Why do you need a guarantee company to get a bank loan?

1. Individuals apply to the bank. First of all, there are many commercial banks in Shenzhen. They don't fully understand the loan interest rates of various banks and don't know which products meet their needs. Which one is suitable? At this time, find a professional guarantee company, and you can customize the most suitable plan according to your personal situation.

2 individuals go to the bank to apply for a loan, because of insufficient personal conditions and information, the bank will not accept it or the loan approval fails. Find a professional guarantee company to provide assistance. With years of professional experience and the green channel of bank cooperation, the success rate and amount of loans can be improved.

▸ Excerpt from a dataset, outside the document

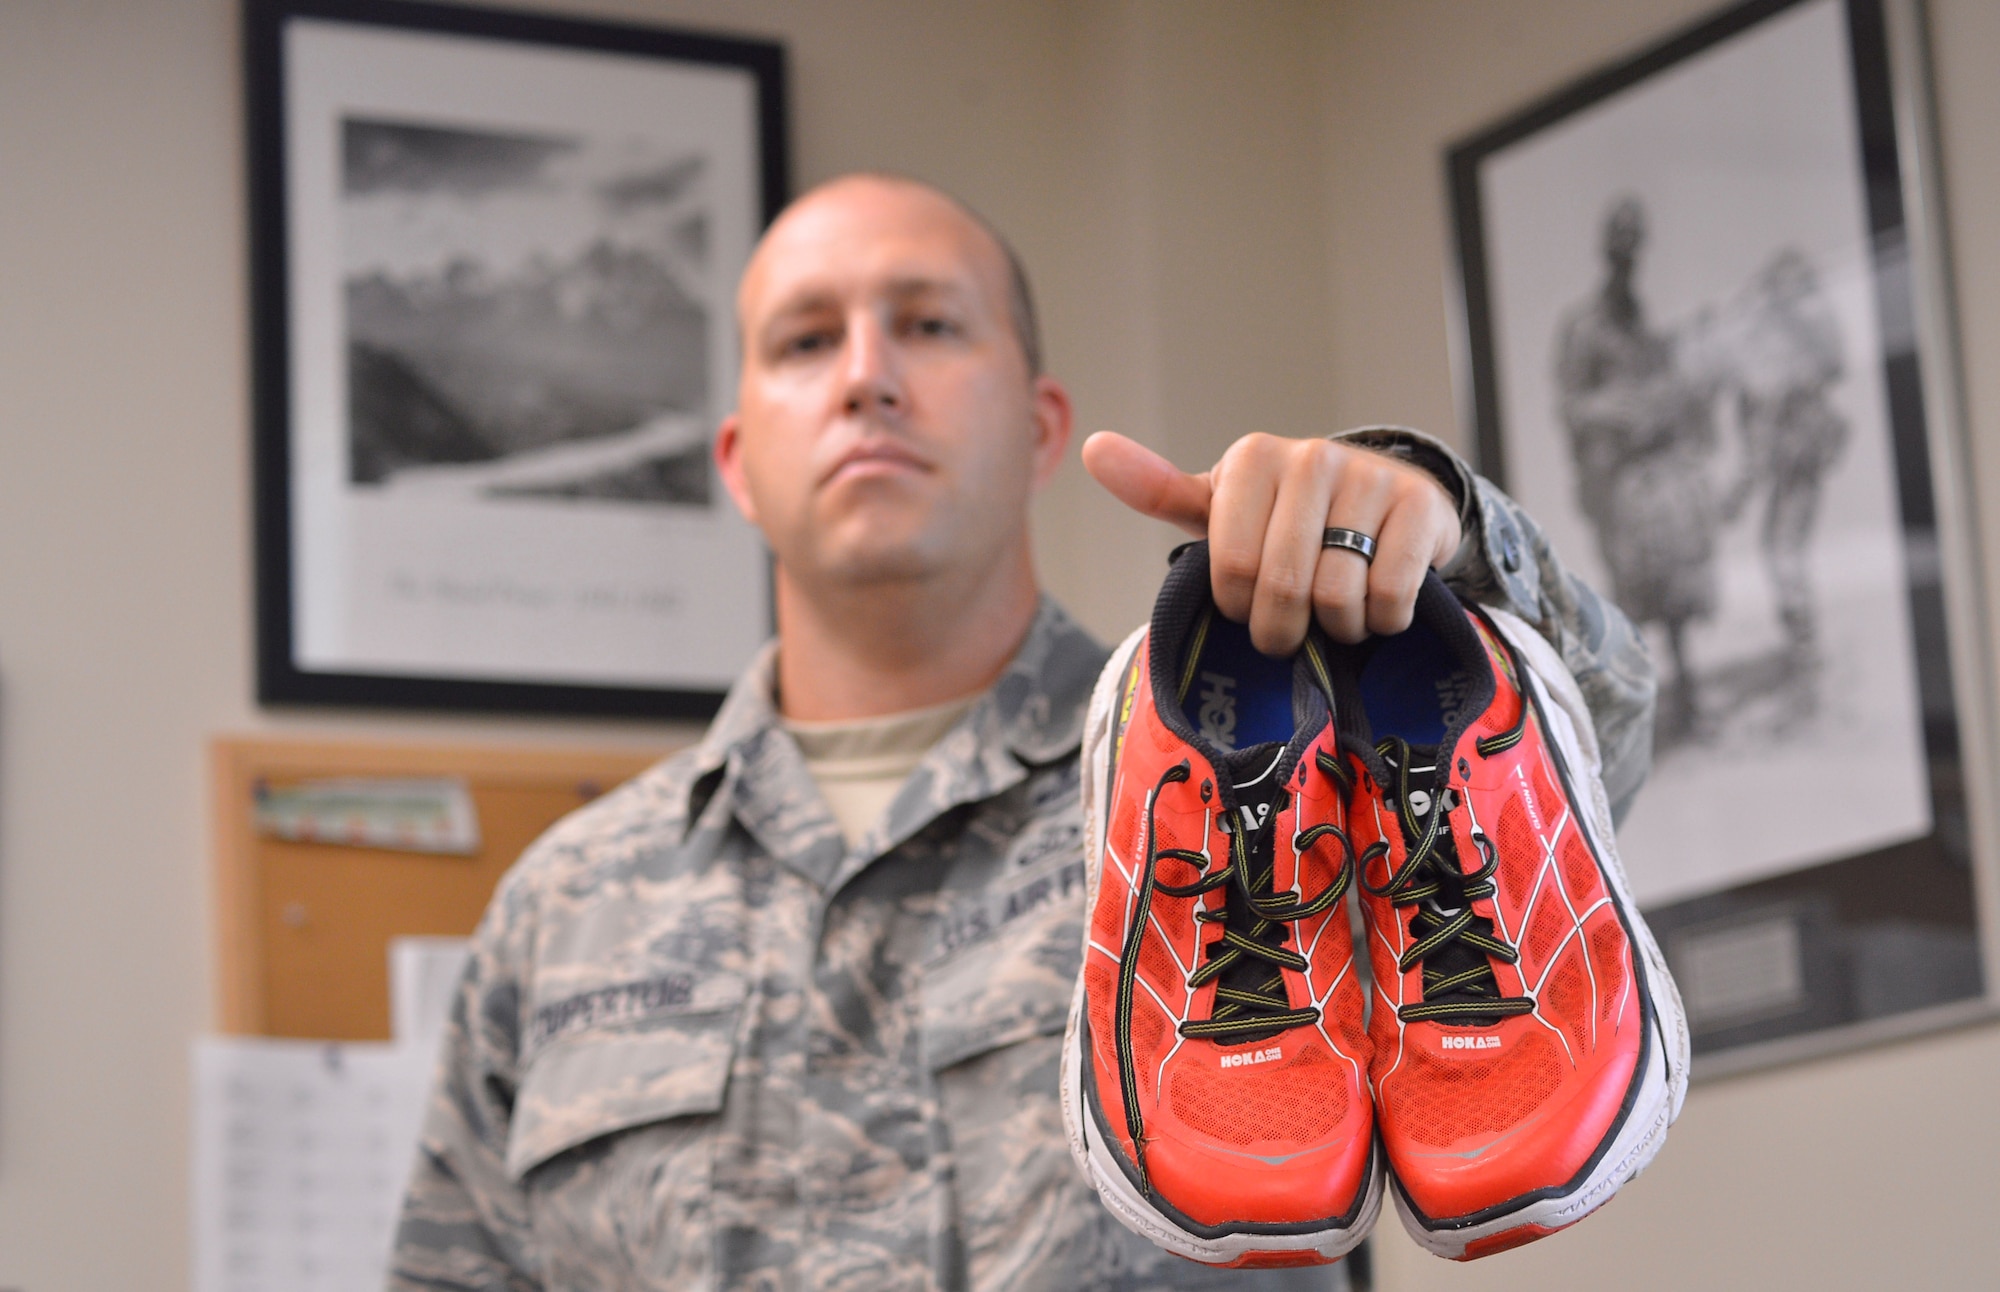 Master Sgt. Michael Dupertuis, aircrew flight equipment superintendent assigned to the 6th Operations Support Squadron at MacDill Air Force Base, Florida, is part of a select group of athletes driven to compete in the sport of ultramarathon running.  To date, he has completed two ultramarathons and many shorter long-distance races. (Photo by Alannah Don)

The reason why banks need the guarantee from guarantee companies: In the existing practice, except for a few outdoor banks, which are considered as high-quality loans by banks, other units and individuals that need to borrow from banks will be required by banks to borrow through the guarantee from guarantee companies. This has two purposes. One is to respond to the requirements of national policies, and banks must cooperate with or help the development of the guarantee industry. The other is the loan project guaranteed by the guarantee company, and the bank's own risks are completely transferred, so it is not worried that the loan will not be received. Because the guarantee company's guarantee is to ensure that the bank can recover the loan, if the borrower can't repay, then the guarantee company needs to repay the loan to the bank instead of the borrower. Entrusting a guarantee company to guarantee is a necessary way for your company to obtain bank loans.

In the provisions of the Civil Code, there is no concept of "counter-guarantee". After the development of the guarantee industry, the guarantee company turns to require the borrower to provide certain guarantee measures for its own benefit, which is called counter-guarantee, which can be understood as "reverse guarantee". The party providing the guarantee is the borrower or the third party, and the beneficiary of the guarantee is the guarantee company.

As a guarantee company, it will definitely not be willing to bear these losses, so it will require the borrower or a third party to bear these losses, that is to say, the borrower should provide certain collateral or other types of guarantees to ensure the interests of the guarantee company. Similarly, the borrower provides certain counter-guarantee measures, which can also show the borrower's willingness to repay, indicating that the borrower has the sincerity to repay the debt when the loan expires; For guarantee companies, certain counter-guarantee measures will also increase the cost of borrowers' default (non-repayment), which is called "default cost".